Foi necessário um breve instante para que Prox percebesse que a fala não era de Arilou. Era da pequenina acompanhante, e ele compreendeu por que ela não havia deixado o recinto. Por mais sagaz que fosse a mente de Arilou, parecia que ela ainda não dominava a própria língua com maestria, queixa nada incomum entre os Perdidos. A acompanhante decerto era uma irmã mais nova, com imensa prática em compreender e traduzir os balbucios de Arilou. As palavras haviam sido proferidas com autoridade, frieza e bom timbre, e por um instante Prox se perguntou se a verdadeira voz de Arilou estaria forçando a passagem através de sua dócil e pequenina intérprete, se sua personalidade dominava a da outra menina, como a correnteza prateada de um rio invadindo o leito de um córrego minguado.

“Então não vamos pedir que retorne de imediato.” Skein, fazendo frente à confiança na voz de Arilou, assumira um tom endereçado a um adulto, e não a uma criança. “Você está vendo uma tempestade? Onde você está?”

“Estou no Cume Perifrio e vejo nuvens de tormenta emaranhadas nos cabelos de Mãe Dente.
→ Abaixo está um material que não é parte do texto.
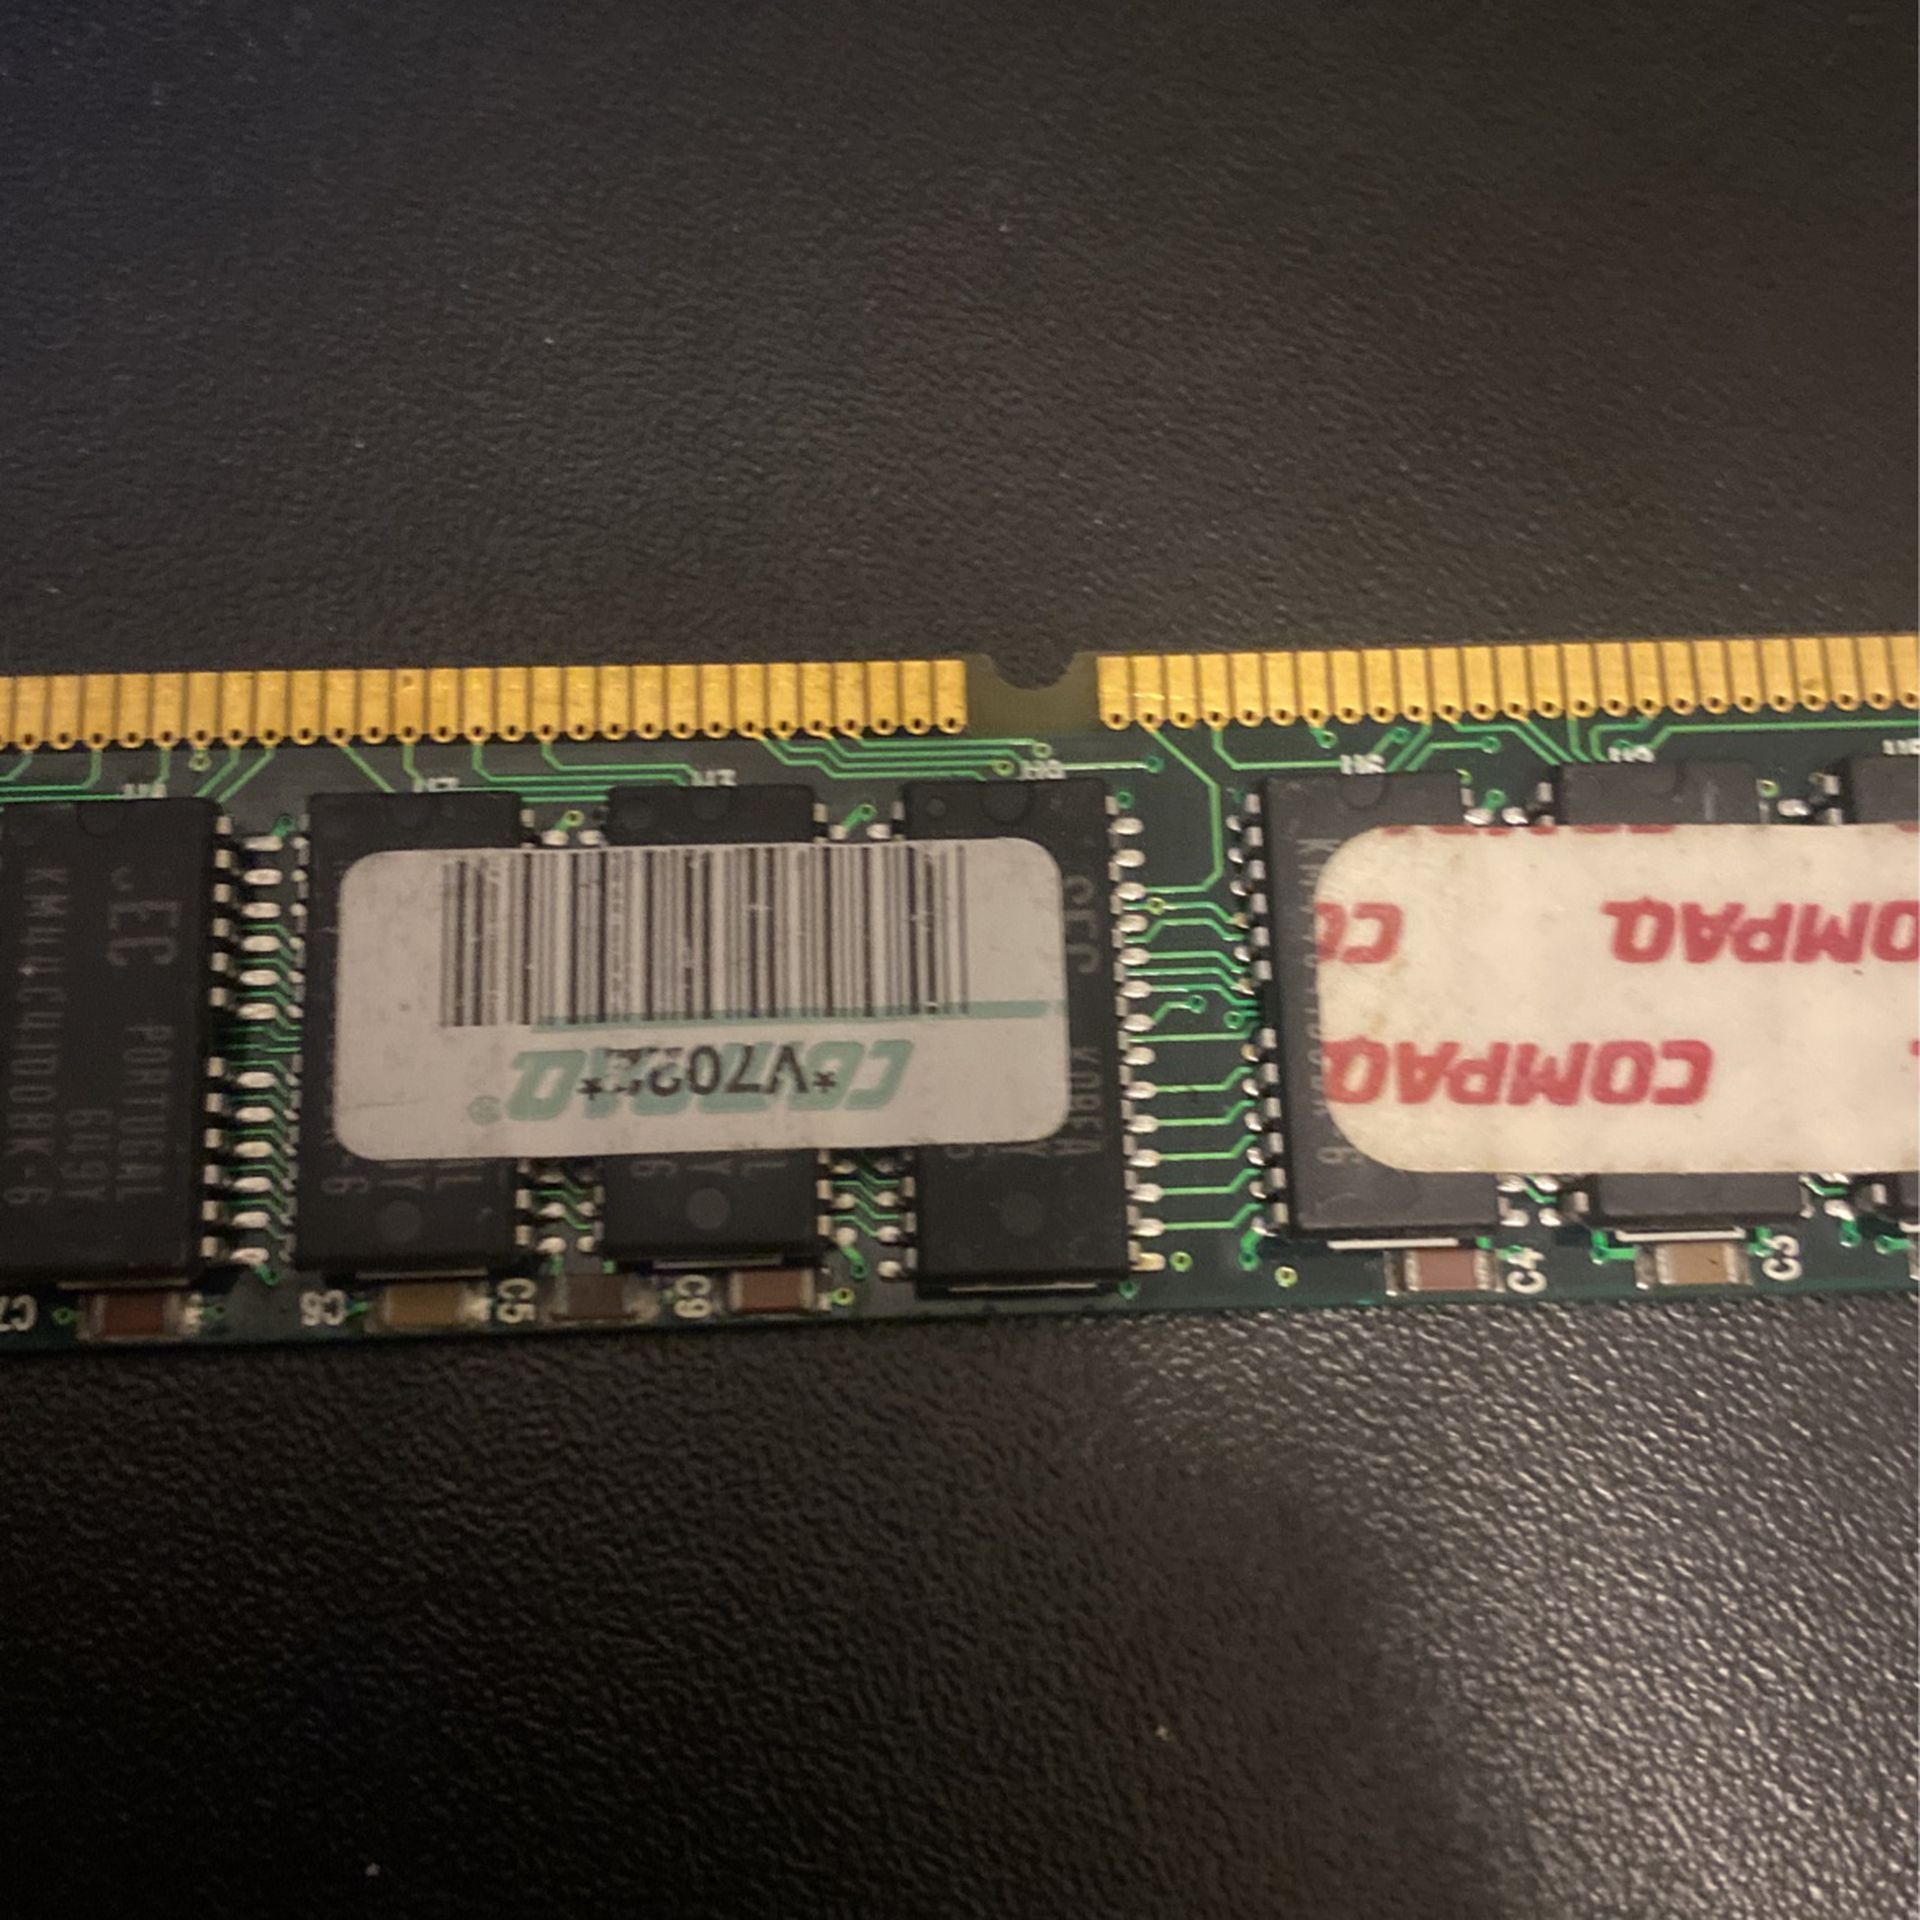 8gb Ram And 128 Gb Memory Sticks

Preciso observar mais para ter certeza, mas acredito que deva chegar aqui amanhã à noite.”

O Cume Perifrio era um promontório localizado a oitenta quilômetros da costa, de onde se via o mar e uma imensa coluna de vapor, e em cuja base repousava a ilha de Mãe Dente, de contornos irregulares feito uma torta pisoteada. Mãe Dente era o mais beligerante dos vulcões, e nada além dos pássaros penetrava suas matas vivas e fumegantes. Nuvens de tempestade se adensavam nos arredores, como se atraídas por sua fúria.

Lá se vão os planos de testar a garota depressa e dar o fora daqui , pensou Prox, desanimado. A trilha do despenhadeiro que levava até aquela parte da costa já era bastante perigosa em dias secos. Quando chovia, a rocha vermelha amolecia como chocolate, formando um lamaçal escorregadio junto aos precipícios. Começava a parecer que eles ficariam presos naquele fim de mundo .

“Você compreende que eu vim até aqui para testar o uso dos seus poderes e de tudo que você aprendeu na Escola de Perdidos?”, indagou Skein. “Preciso que você esteja pronta amanhã.”

“Compreendo. Estarei pronta.” Uma borboleta preta e aveludada adentrou a gruta sombria, e com perverso atrevimento pousou na bochecha empoada de Arilou. Ela não se mexeu; a borboleta abriu as asas bem diante dos olhos da menina, ostentando o mesmo tom azul-lazulita das penas em seus cabelos. Prox se viu tomado de um pavor inexprimível. O que poderia simbolizar uma garota com feições de mármore e bochechas de borboleta? Ele já tinha visto outros Perdidos, claro, mas havia algo mítico naquela criança, serena como um oráculo em sua gruta no oceano.

Era como se uma mão divina tivesse concentrado, naquela menina, os melhores traços da confusão de linhagens característica da aldeia. O mínimo de sangue estrangeiro para uma Perdida, o mínimo de sangue de pirata para os olhos cinzentos, a pele marrom-amarelada, o rosto saliente e elegante, o mínimo de sangue Rendeiro para aquele assustador senso de alteridade... era possível ficar com ela e descartar todo o resto da aldeia.

“Então retornaremos assim que amanhecer. Que a boa sorte esteja com você e que a poupe dos nevoeiros. Vamos deixá-la sozinha.” Skein se levantou, e Prox fez o mesmo. Enquanto batia a terra dos joelhos com um chicote comprido, Prox lançou mais uma olhadela à Lady Perdida, que ainda tinha o olhar vidrado, como se em seu domínio repousasse todo o céu turvo e o mar ribombante.